On Wednesday, March 21, the Supreme Court handed down its decision in Missouri v. Frye, holding that the Sixth Amendment right to effective assistance of counsel extends to the consideration of plea offers that lapse or are rejected. Justice Kennedy wrote the majority opinion, which was joined by Justices Ginsburg, Breyer, Sotomayor, and Kagan. Justice Scalia wrote the dissenting opinion, which was joined by Chief Justice Roberts, and Justices Thomas and Alito.
The defendant, Galin Frye, had three previous convictions of driving with a revoked license. When he was arrested again for the same offense, he was facing a felony charge and a potential four years in prison under Missouri law. On November 15, 2007, the prosecution sent Frye’s defense attorney a letter outlining two options for plea bargains. The first offer stated that if Frye agreed to plead guilty to the felony charge, the prosecution would recommend a three-year sentence, along with serving ten days of jail. For the second offer, if Frye pleaded guilty to a misdemeanor charge, the prosecution would recommend that Frye serve ninety days in jail, and the charge carried a maximum of only one-year imprisonment. Frye’s attorney, however, never communicated either offer to Frye or responded to the prosecution, and both offers expired on December 28, 2007. By the time Frye’s preliminary hearing came, he had been arrested again for driving with a revoked license. Frye subsequently pleaded guilty not in accordance with any plea agreement and was sentenced to three years in prison.
In state court, Frye filed a post-conviction motion claiming that he received ineffective assistance of counsel – a violation of his Sixth Amendment rights – because his attorney failed to inform him of the prosecution’s plea offers. While the state court denied the this motion, the Court of Appeals of Missouri of the Western District found in favor of Frye, reversing and remanding the issue back to the lower court. The case was appealed, and the Supreme Court then granted certiorari.

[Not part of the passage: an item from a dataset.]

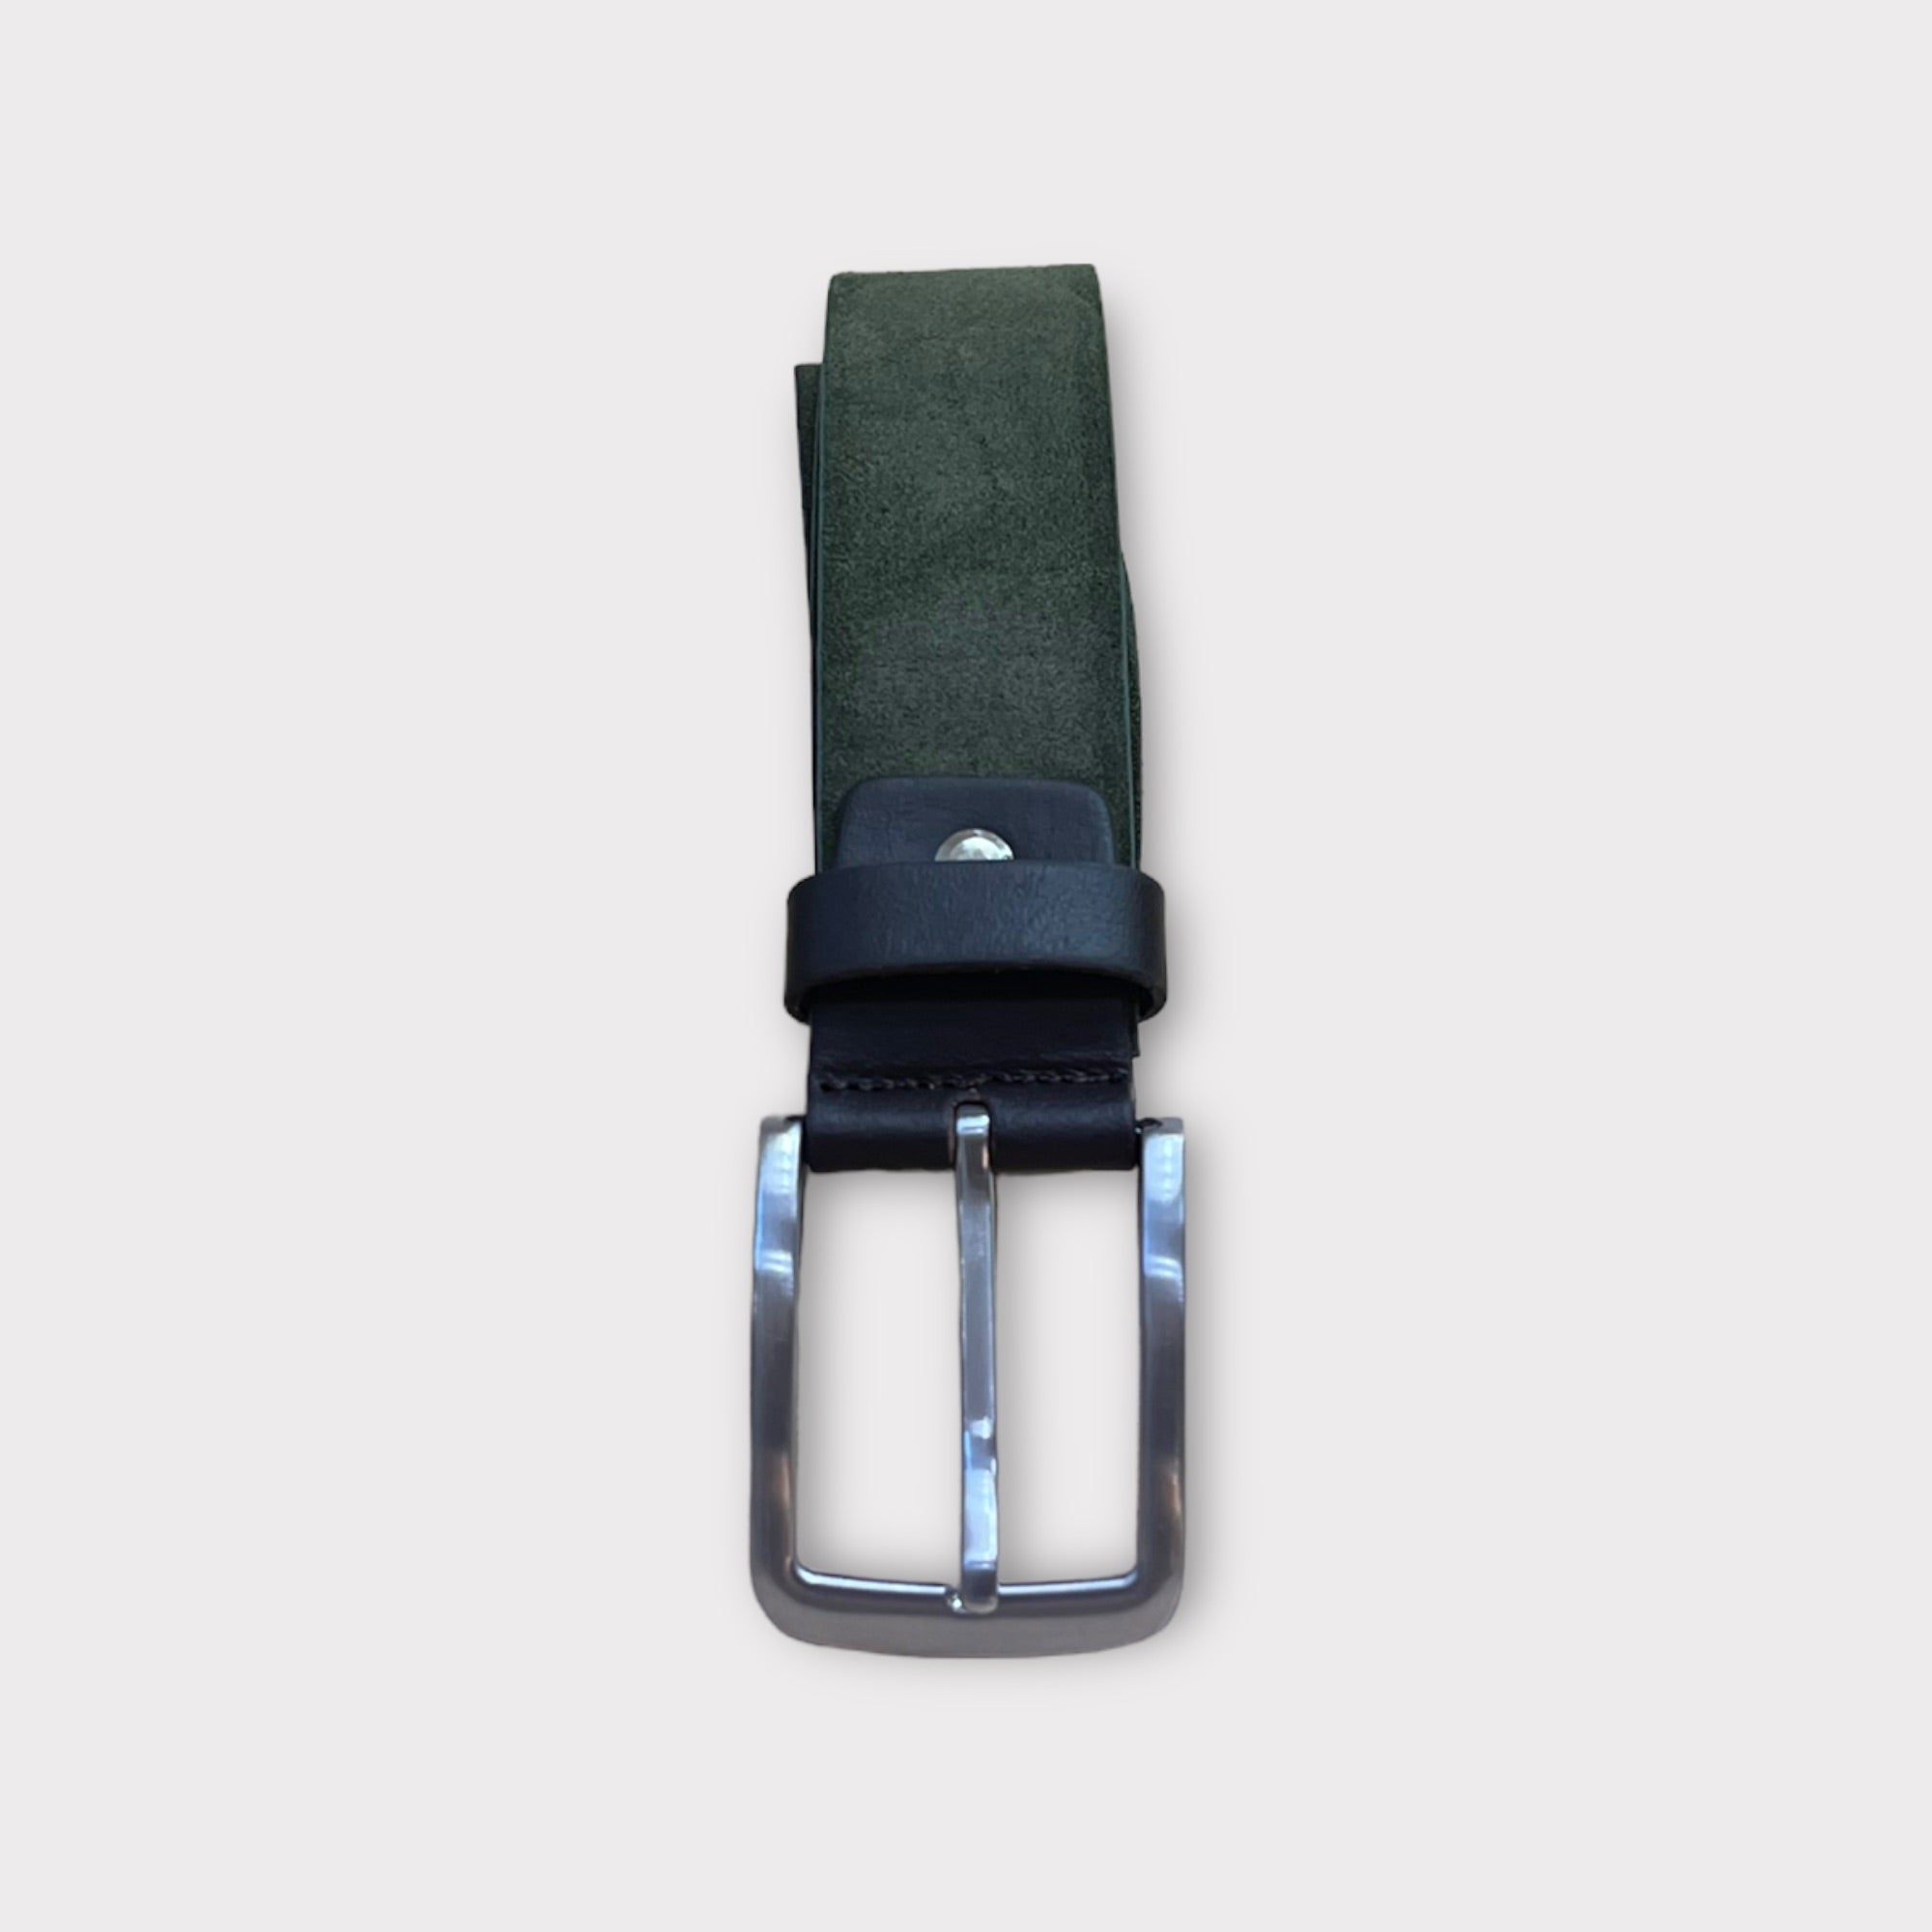 Cintura 035mm camoscio in pelle militare  con inserti in cuoio

In its opinion, the Supreme Court emphasized the importance of plea-bargaining in the context of the criminal justice system, noting that ninety-seven percent of all federal cases and ninety-four percent of all state cases are resolved through a plea bargain. This underscored the importance of the Supreme Court’s ruling that defense counsel has a duty to communicate any formal plea offer from the prosecution to the defendant. Should defense counsel fail to communicate a formal offer, a defendant may have redress if he can prove two requirements. First, the defendant must prove that if advised of the plea, there is a reasonable probability that he or she would have taken the plea. Second, the defendant must prove that if he or she would have taken the plea, there is a reasonable probability that the prosecution would not have rescinded the offer, and likewise, that the presiding court would have accepted the offer.
Applying these standards specifically to Frye’s situation, the Court concluded that while Frye likely demonstrated that he would have taken the plea had his counsel advised him, the record did not address the likelihood of the prosecution rescinding the offer or the judge accepting the plea in court. Given Frye’s most recent arrest before his preliminary hearing on the charge, the Court remanded the case to the Missouri Court of Appeals to determine whether the prosecution and/or presiding judge would reasonably have allowed the plea to go forward.
The dissent contended that the Frye’s constitutional rights were not violated because the he was never entitled to the offer in the first place. If however, the prosecution’s offer was unreasonable, the trial court judge’s ability to accept or reject the plea acts as a check on prosecutorial power. The mere fact that Frye pleaded guilty to the charge without knowing a plea was offered does not negate his rights to be informed that a more beneficial offer was made. In addition to the criminal justice system’s increased efficiency, plea bargains allow for prosecutors to make determinations as to the fair application of the law. This power should not be abrogated by the whims of defense counsel.